Congratulations! She is beautiful :wub:


----------



## TLR (Nov 13, 2011)

Congratulations!! She's beautiful!!


----------



## maddysmom (Mar 8, 2012)

Congrats...she is beautiful!


----------



## pippersmom (May 21, 2012)

Thank you everyone for your compliments. As a proud Grandma, I have to agee that Audrey is so beautiful. It just warms my heart to see my son with his new daughter. :wub:. He is so proud! My DH and I now have 4 granddaughters with another granddaughter due in May. We are so blessed.


----------



## pammy4501 (Aug 8, 2007)

Oh Kathy, she is delicious! She is really extraordinary for a naturally born baby! You must be walking on clouds!


----------



## mysugarbears (Aug 13, 2007)

Congratulations Kathy, she is just beautiful! :wub:


----------



## jane and addison (Nov 1, 2012)

Congratulations, we know how you feel. Our grandkids are much older youngest is 5 oldest is 24. Enjoy there is nothing like grandchildren.


----------



## donnad (Aug 22, 2006)

She is beautiful!


----------



## maltese manica (Nov 6, 2012)

What a sweet bundle of joy! Congrats Kathy she is beautiful!


----------



## Madison's Mom (Dec 26, 2007)

Congratulations! What a beautiful baby girl! And kudos to your DIL for going natural!

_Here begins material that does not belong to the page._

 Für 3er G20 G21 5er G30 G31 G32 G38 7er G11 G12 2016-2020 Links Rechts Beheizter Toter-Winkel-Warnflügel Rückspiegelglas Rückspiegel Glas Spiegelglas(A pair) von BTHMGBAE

I had my daughter (my youngest) totally natural and she weighed 9 pounds 10 ounces. My girt comment was 'she's huge!' My boys were also born by natural childbirth, but they were both 7 pounds. My little girl is now 29 years old and is about 5'2" and 115 pounds. She started out big but she's a tiny thing now.


----------



## dntdelay (May 27, 2011)

From one Audrey to the brand new Audrey she is a cutie! 😍


Sent from Petguide.com Free App


----------



## Leanne (Sep 6, 2012)

Aww what a beautiful little girl! Congrats and glad all is well


----------



## Leila'sMommy (Oct 20, 2012)

Aww, beautiful baby! Congratulations! Look at all that hair! Does she have plenty of hairbows yet?


Sent from Petguide.com Free App


----------



## Sylie (Apr 4, 2011)

Congratulations!!! She is beautiful....you must be :cloud9:


----------



## maltese#1fan (Feb 20, 2012)

Congratulations on your new grandbaby. She's adorable.


----------